Mixture of GaussiansDimensionality ReductionPrincipal component analysis

the variance of projected data is maximized: pick a line along which the data is spread out the mostequivalently, the projection error is minimized: linear projection should minimize the average projection cost,computed as the mean squared distance between the data points and their projectionsPCA Algorithm


For a dataset 

Then move the dataset to be around around 0! (each feature's mean is 0)

Compute the 

Compute the eigenvectors/eigenvalues of the covariance matrix (eigen decomposition)

A matrix of eigenvectors, which are the principal component vectors

Then, rank the eigenvectors by eigenvalues, highest to lowest 

By choosing k eigenvalues, we realized dimension reductionNew dimensions are orthogonal, thus transformed features have 0 covarianceReconstruction from compressed representation

Choice of K

相關焦點

  • Cheat sheet?
    Reader question:Please explain 「cheat sheet」 in this: 「I even brought a cheat sheet withA cheat sheet, you see, is a slip of paper on which are written answers for a test.
  • X-ray Imaging through Machine LearningI 本周物理學講座
    報告人:Ge Wang,Rensselaer Polytechnic Institute時間:8月9日(周四)15:00單位:中科院高能所地點:化學樓C305Computer vision and image analysis are great examples of machine
  • 前端開發相關速查表Cheatsheets整理集合
    /regex/javascriptReacthttp://www.css88.com/dev/react.htmlReduxhttps://github.com/linkmesrl/react-journey-2016/blob/master/resources/egghead-redux-cheat-sheet-3-2-1.pdf
  • CFA二級思維導圖分享:機器學習(Machine Learning)
    CFA二級思維導圖分享:機器學習(machine learning)Reading7主要了解機器學習的一些常見概念,主要分類、了解常用算法的原理及其用途。
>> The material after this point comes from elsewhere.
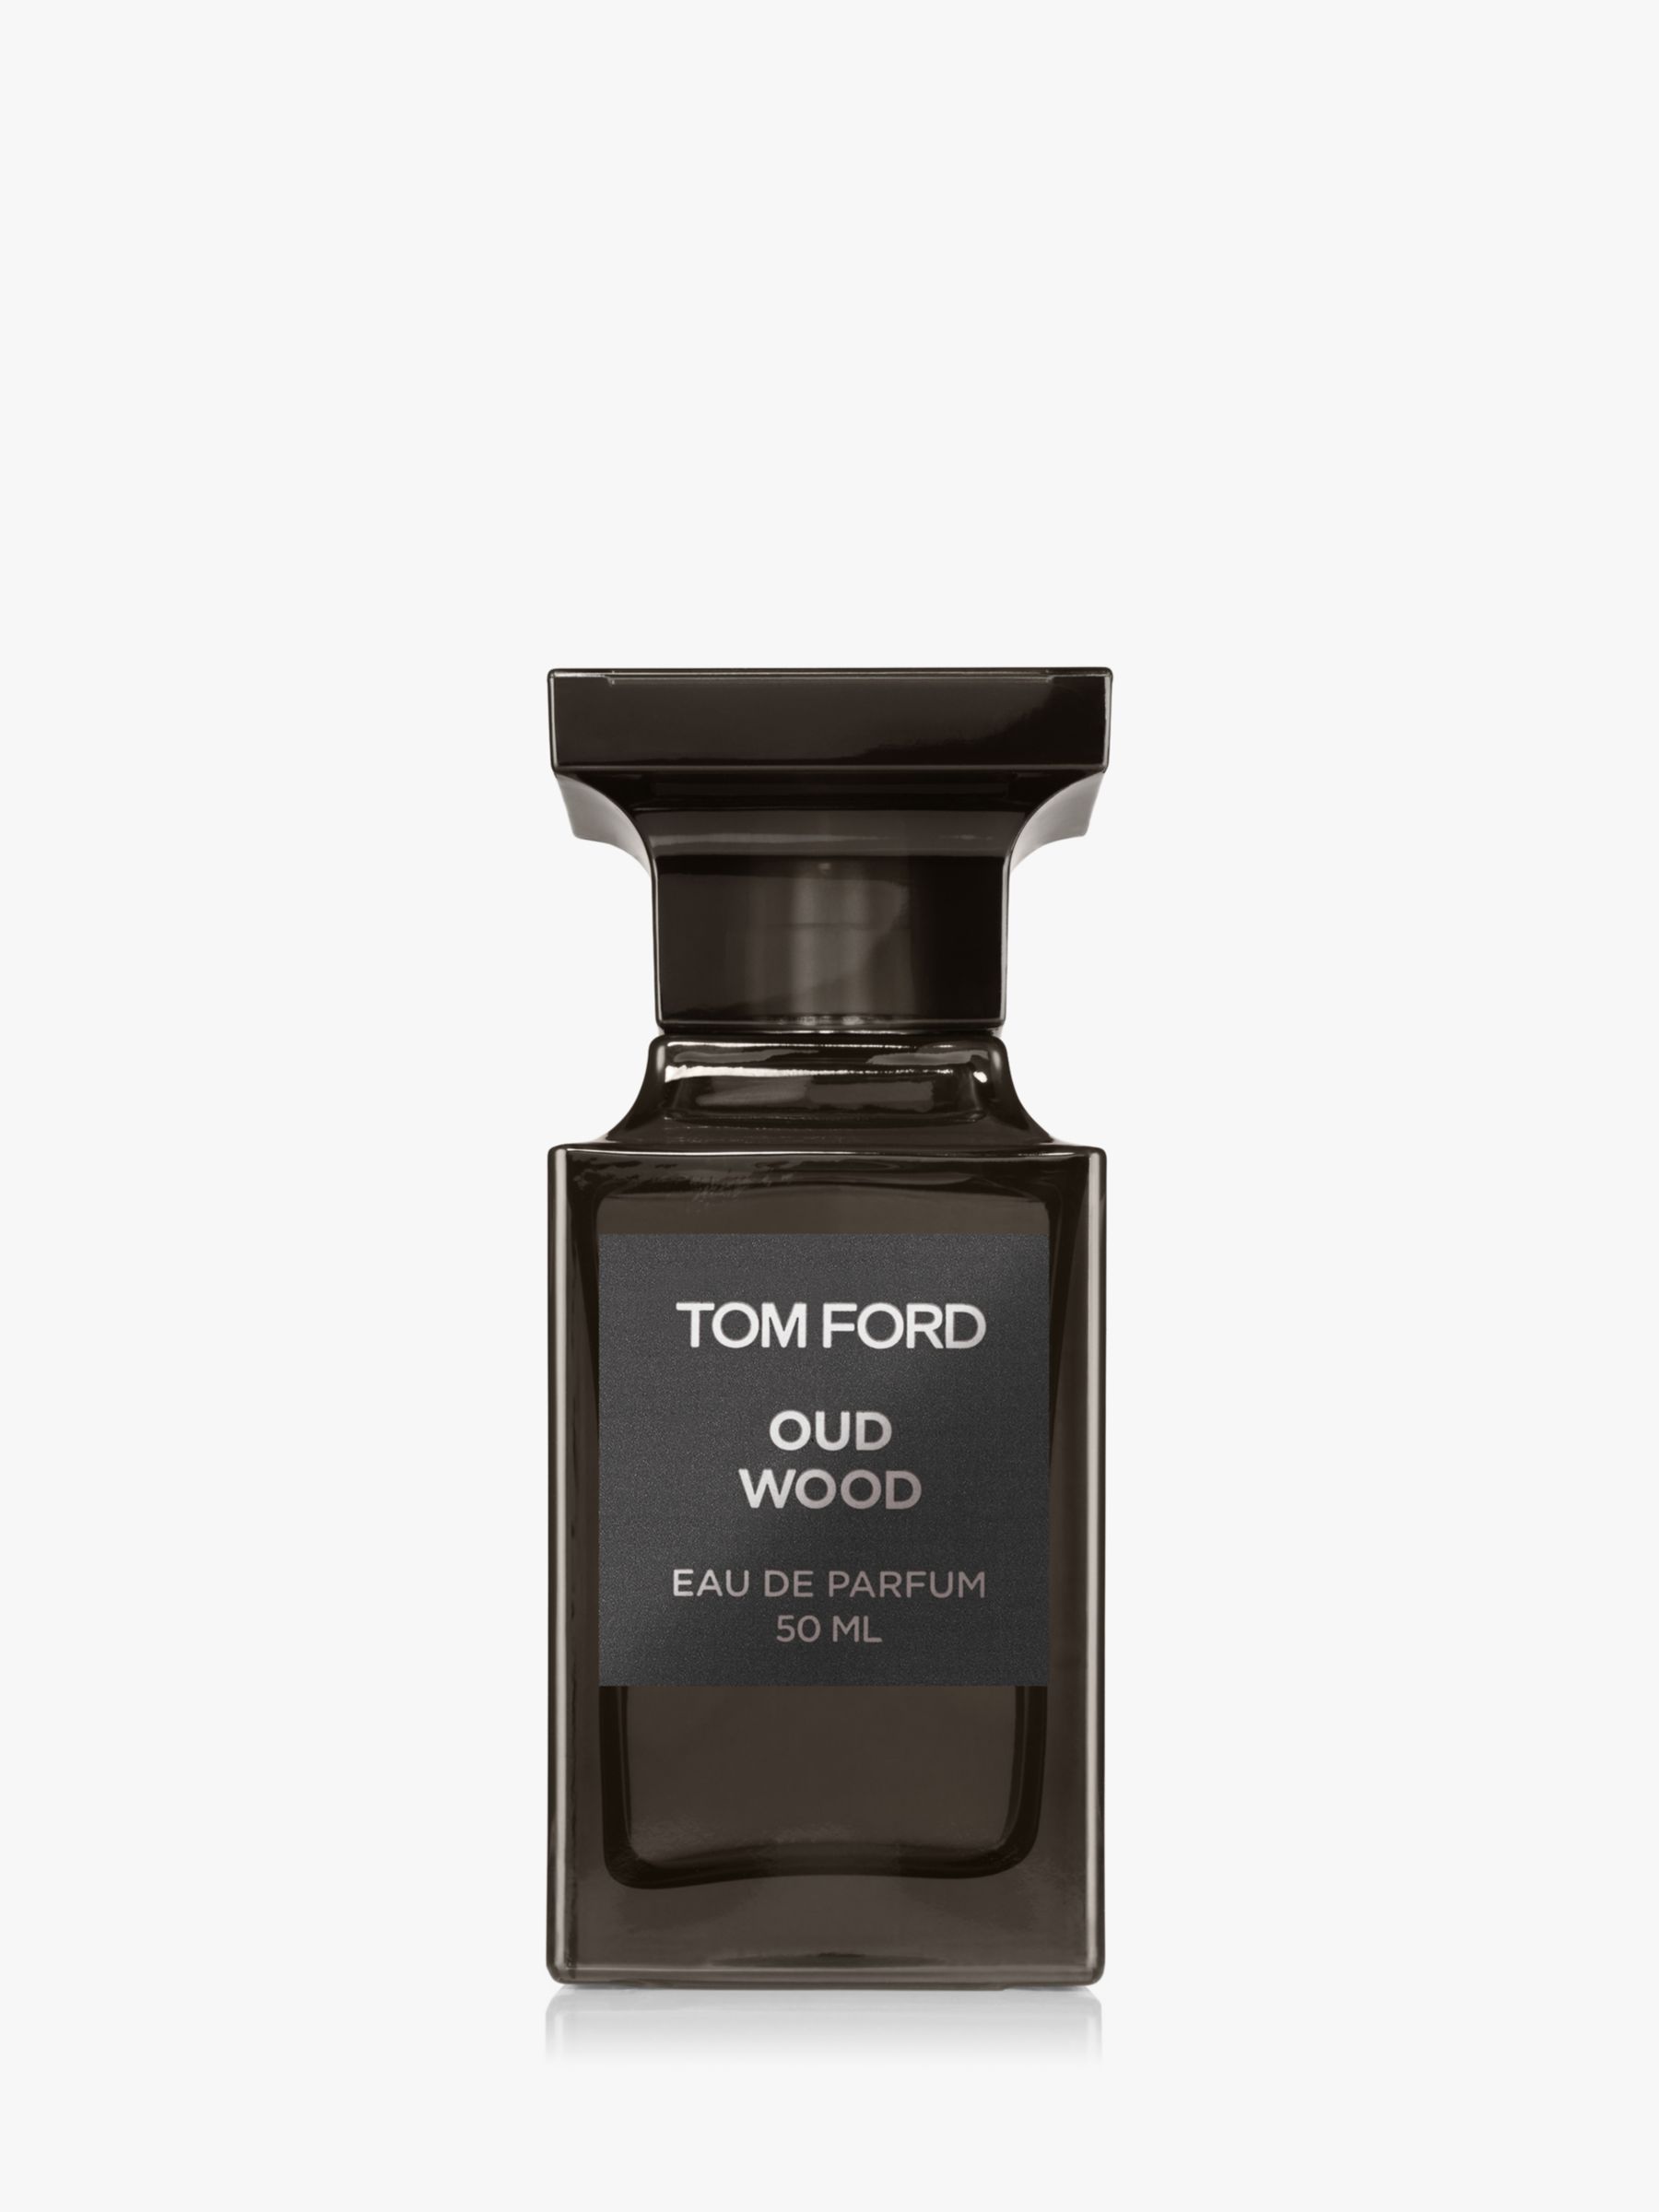 TOM FORD Private Blend Oud Wood Eau De Parfum, 50ml at John Lewis
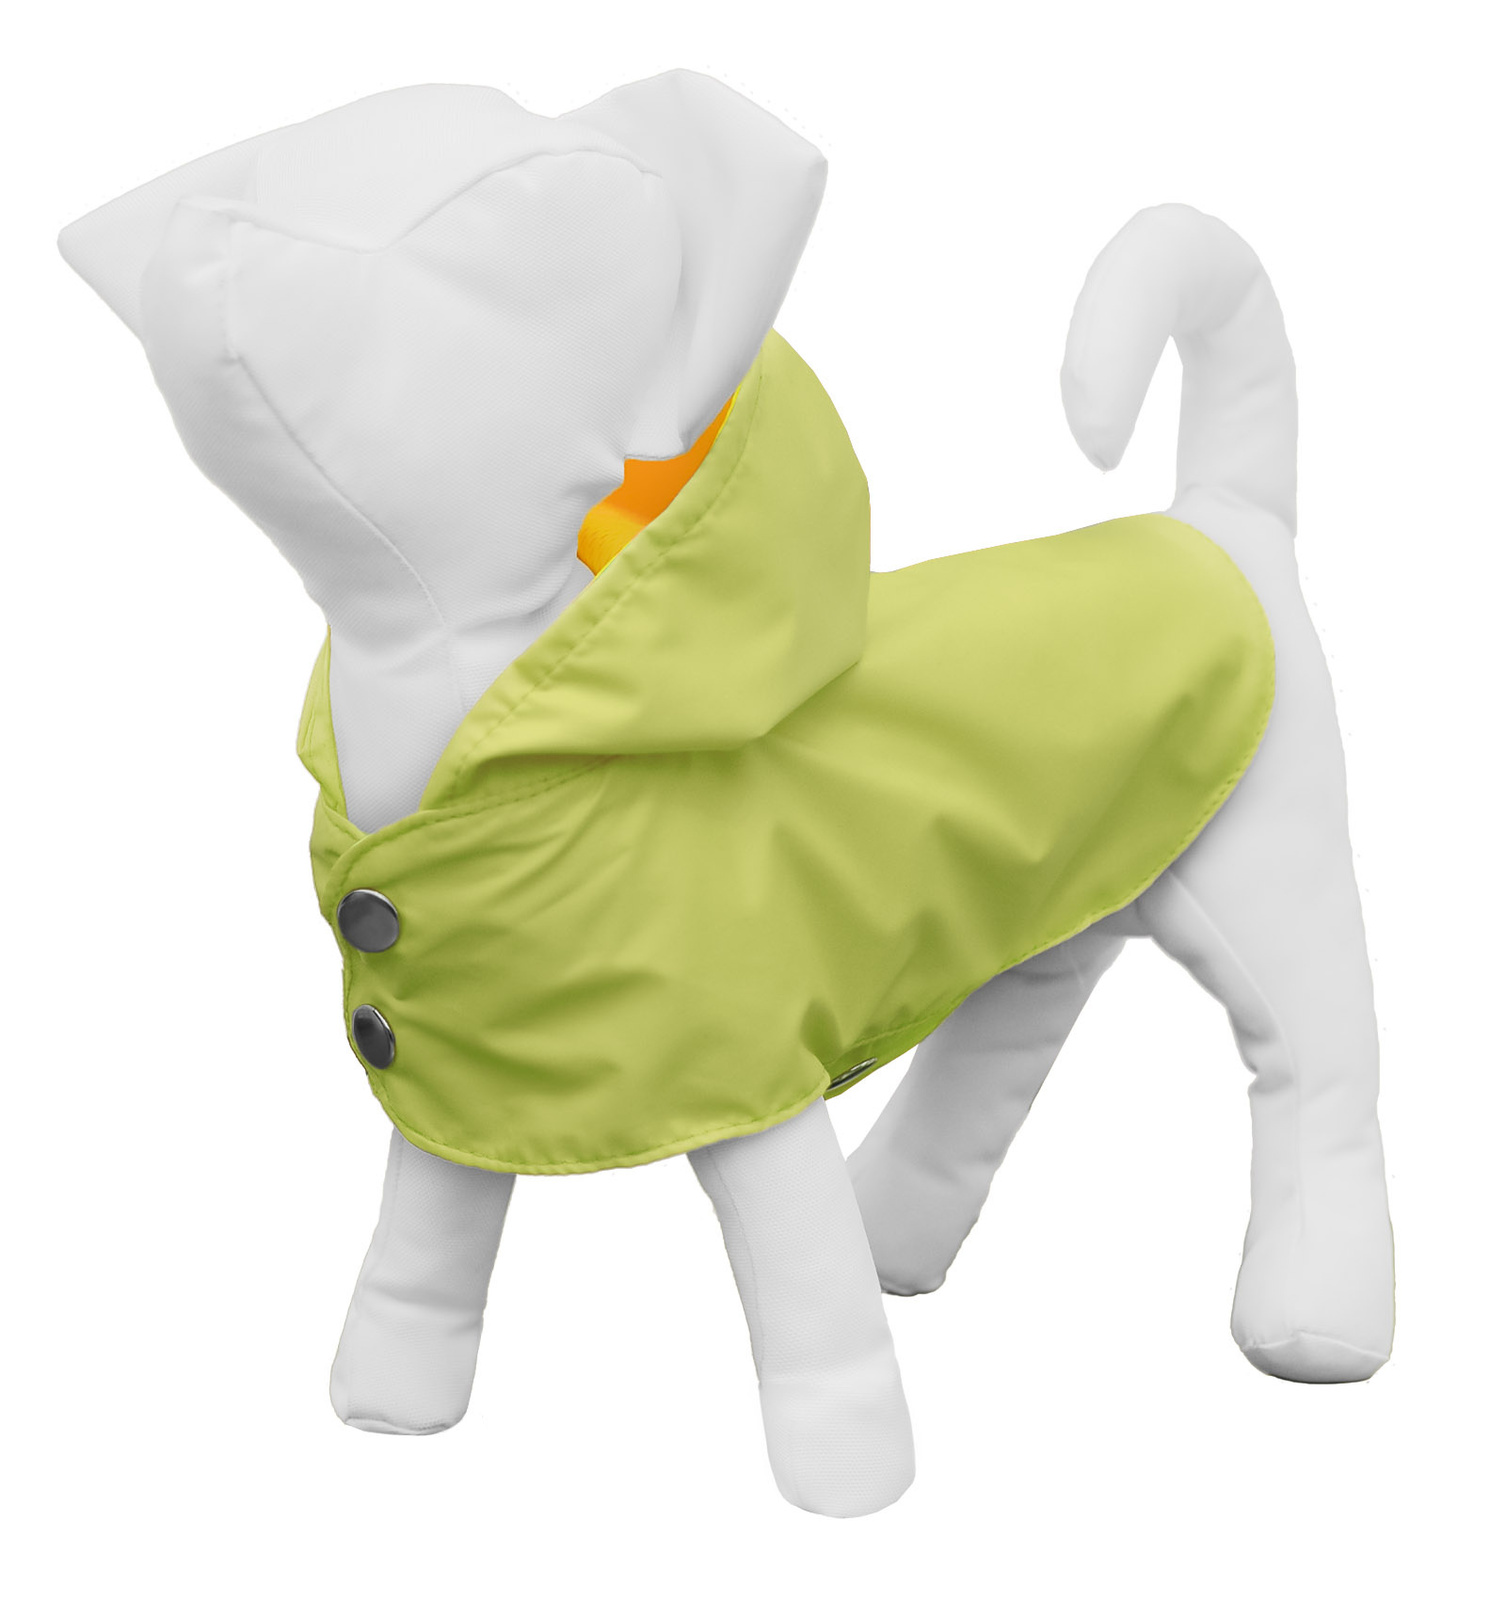 Yami-Yami одежда дождевик-плащ для собак, салатовый (M) Yami-Yami одежда дождевик-плащ для собак, салатовый (M) - фото 1

常用的分類算法有支持向量機(Support vector machine (SVM))、近鄰算法(K-nearest neighbor (KNN) 、分類回歸樹(Classification and Regression Tree (CART)),以及集成算法,集成算法為將多種不同的算法或模型集成到一起,將各個不同模型的結果放到一起,按模型結果的最大值作為整個算法的結果,如Bootstrap Aggregating
  • Linux命令cheat的安裝和使用
    大家好,今天周二,還是和往常一樣,沒有精神,每天坐在電腦前一坐就是一天,感覺身體也是一天不如一天了,不說這些,今天說一下Linux命令cheat, cheat 允許你在命令行中創建和查看交互式的速查表cheatsheet。它能幫助提醒 *nix 系統管理員他們經常使用但還沒頻繁到會記住的命令的選項,raksmart伺服器。
  • 【預告】施汝為系列講座 | 武漢大學劉惠軍教授:Machine learning in the study of ...
    主題:Machine learning in the study of thermoelectric and topological materials主講人:劉惠軍 教授單位:武漢大學主辦方:合肥微尺度物質科學國家研究中心
  • 【徵稿】Evolutionary Transfer Learning and Transfer Optimisation
    In machine learning, transfer learning aims to transfer knowledge acquired in one problem domain, i.e. the source domain, onto another domain, i.e. the target domain.
  • 職場口語情景會話:Co-signing an approval sheet 共同批准
    新東方網>英語>英語學習>職場英語>職場百科>正文職場口語情景會話:Co-signing an approval sheet 共同批准 2011-09-24 00:28 來源:網絡整理
  • Machine Learning: 一部氣勢恢宏的人工智慧發展史
    當前統計學習領域最熱門方法主要有deep learning和SVM(supportvector machine),它們是統計學習的代表方法。可以認為神經網絡與支持向量機都源自於感知機。神經網絡與支持向量機一直處於「競爭」關係。
  • 絕地求生Enable Anti-cheat是什麼意思 anti-cheat是什麼
    絕地求生Enable Anti-cheat是什麼意思 anti-cheat是什麼 絕地求生很多玩家在遊戲看到這個enable anti-cheat的單詞,不明白是什麼意思,到底要不要選擇點上呢?
  • Multi-Label Classification with Deep Learning
    Unlike normal classification tasks where class labels are mutually exclusive, multi-label classification requires specialized machine learning algorithms that support predicting multiple mutually
  • 絕地求生enable anti-cheat是什麼意思?原因及解決方法
    enable anti-cheat絕地求生是最近非常火的一個吃雞遊戲,最近有些小夥伴就在說自己在登錄的時候遇到了絕地求生enable anti-cheat,這個是怎麼回事呢?怎麼辦?小編就為大家帶來了絕地求生enable anti-cheat原因及解決方法!